Para minimizar os problemas destacados, o estudo aponta algumas prioridades de ação, entre elas: o fortalecimento de políticas de proteção social, principalmente nas regiões Norte e Nordeste, as mais afetadas; o esforço para manter a matriz energética do país limpa; a redução do desmatamento da Amazônia; e o incentivo ao aumento do conhecimento sobre modelos climáticos e seus impactos nos diversos setores da economia.
O estudo foi inspirado no relatório Stern, o primeiro grande cálculo do impacto da mudança climática na economia global, feito em 2006. “A diferença é que o relatório Stern fez um cálculo custo-benefício entre os custos dos impactos e os custos em mitigação (prevenção). No caso do nosso estudo, como o clima depende da economia global e não da local, fizemos uma análise do impacto local de duas possíveis trajetórias de crescimento global; uma mais limpa e uma mais suja. Concluímos que se crescermos mais limpos, cresceremos mais”, comenta Dubeux.

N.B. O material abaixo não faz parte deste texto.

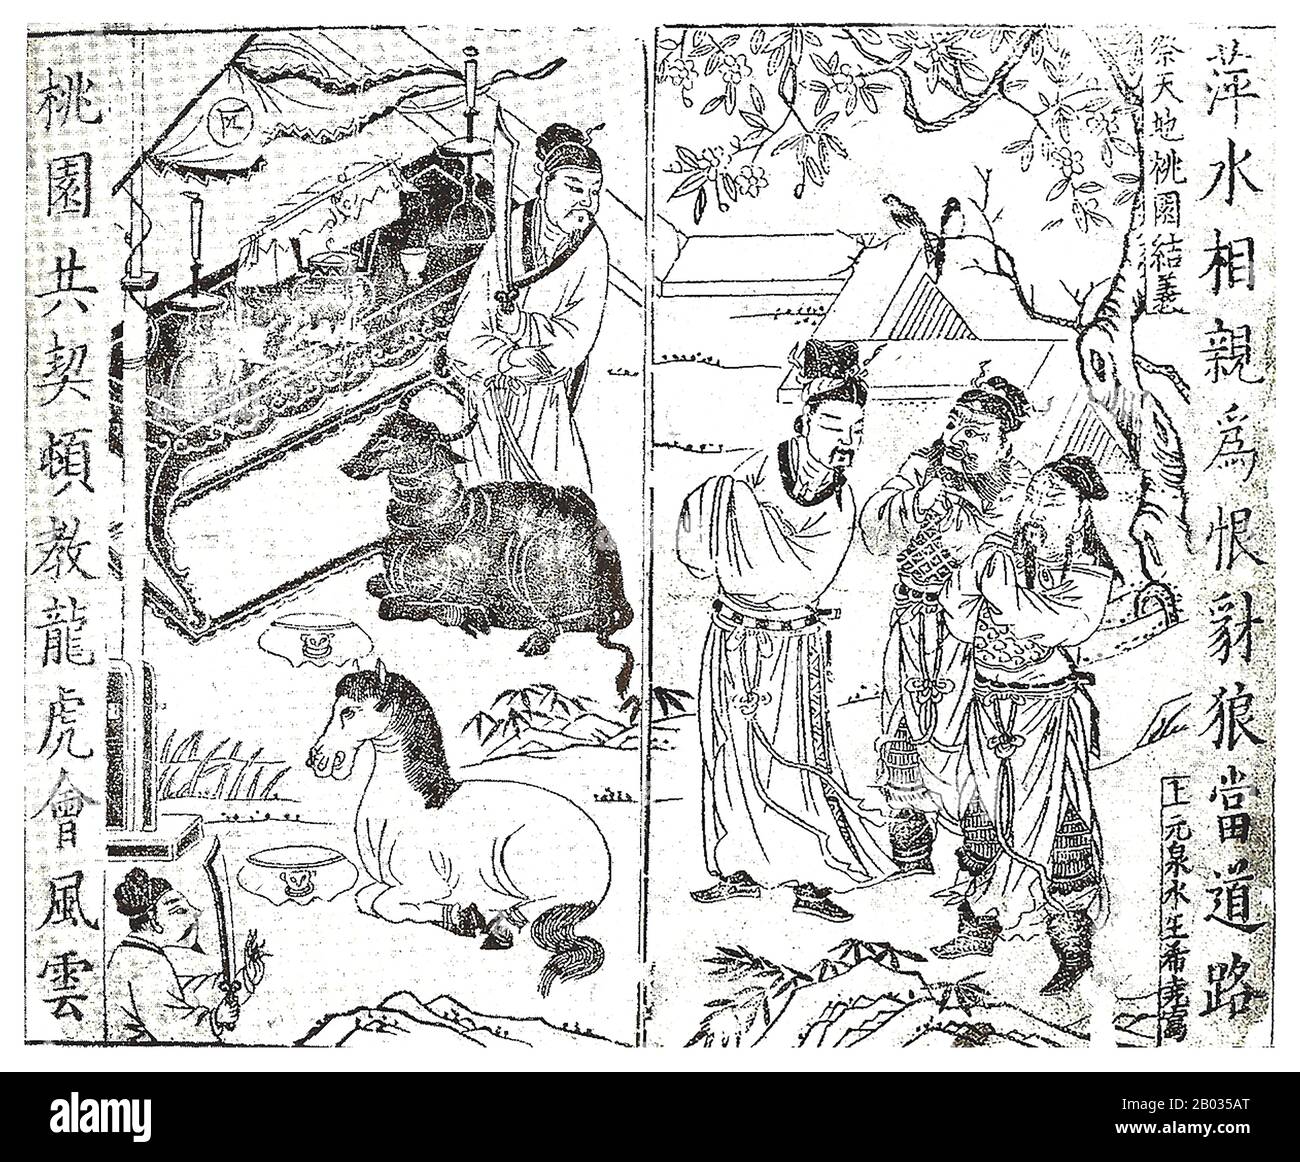 Ein fiktives Ereignis im historischen Roman "Romance of the Three Kingdoms", der Eid des Peach Garden, war ein Ereignis, das sich irgendwann in den 180er Jahren CE ereignete, bei dem Liu bei, Guan Yu und Zhang Fei in einem Pfirsichgarten einen Bruderschaftseid miteinander schwor (Vermutlich im heutigen Zhuozhou, Hebei). Sie wurden vereidigte Brüder, die sie in Hingabe und Loyalität zusammenbinden. Es ist ein wichtiges Ereignis, das den Weg für die Gründung der Shu Han ebnete, wobei alle drei Männer während der Zeit Der Drei Reiche bedeutende Rollen spielten. Stockfoto

O Instituto Nacional de Pesquisas Espaciais (Inpe), que colaborou com o estudo, contribuiu com os modelos climáticos regionais desenvolvidos pelo Centro de Previsão do Tempo e Estudos Climáticos (CPTEC). Com base nos dados fornecidos pelo Inpe de temperatura, pluviosidade e outros parâmetros ambientais futuros para o Brasil até 2100, foram gerados os modelos setoriais de disponibilidade hídrica que implica em oferta de hidroeletricidade, energia eólica, aptidão agrícola, entre outros. Os modelos climáticos regionais possuem incertezas e, por isso, optou-se pela escolha de dois cenários de emissões de CO2.
“Os modelos climáticos globais e regionais têm incertezas, e os modelos usados pelos outros grupos (de economia, saúde, agricultura, energia, etc) também têm incertezas, e as incertezas podem ir crescendo, como uma cascata. Isso limita os resultados, mas não invalida os mesmos”, diz José Marengo, pesquisador do Inpe.
O estudo aborda perspectivas regionais e setoriais de vários setores cruciais para o Brasil, como agricultura, energia, uso da terra e desmatamento, biodiversidade, recursos hídricos, zona costeira, migração e saúde. Aponta, ainda, que haverá um aumento das desigualdades regionais brasileiras com o aumento da temperatura global. O setor da agricultura, por exemplo, não sofreria impactos negativos no Sul e no Sudeste, que passariam a ter temperaturas mais amenas, mas em todas as outras regiões existiriam perdas expressivas das safras.
No Nordeste em especial, as chuvas tenderiam a diminuir cerca de 2 a 2,5 mm/dia até 2100, causando grandes perdas agrícolas em todos os estados da região. O declínio de precipitação causaria também uma redução dos recursos hídricos no Nordeste. Os resultados projetados seriam alarmantes para algumas bacias, com uma diminuição das vazões de mais 50% até 2050. Com isso, a geração de energia seria bastante prejudicada. O déficit hídrico reduziria ainda a capacidade de pastoreio de bovinos de corte, favorecendo, assim, um retrocesso à pecuária de baixo rendimento.
Na Amazônia, o aquecimento pode chegar a 7 ou 8°C em 2100, o que pode levar a uma alteração radical da floresta amazônica – a chamada “savanização”. Estima-se que as mudanças climáticas resultariam em redução de 40% da cobertura florestal em boa parte da Amazônia, que será substituída pelo bioma savana.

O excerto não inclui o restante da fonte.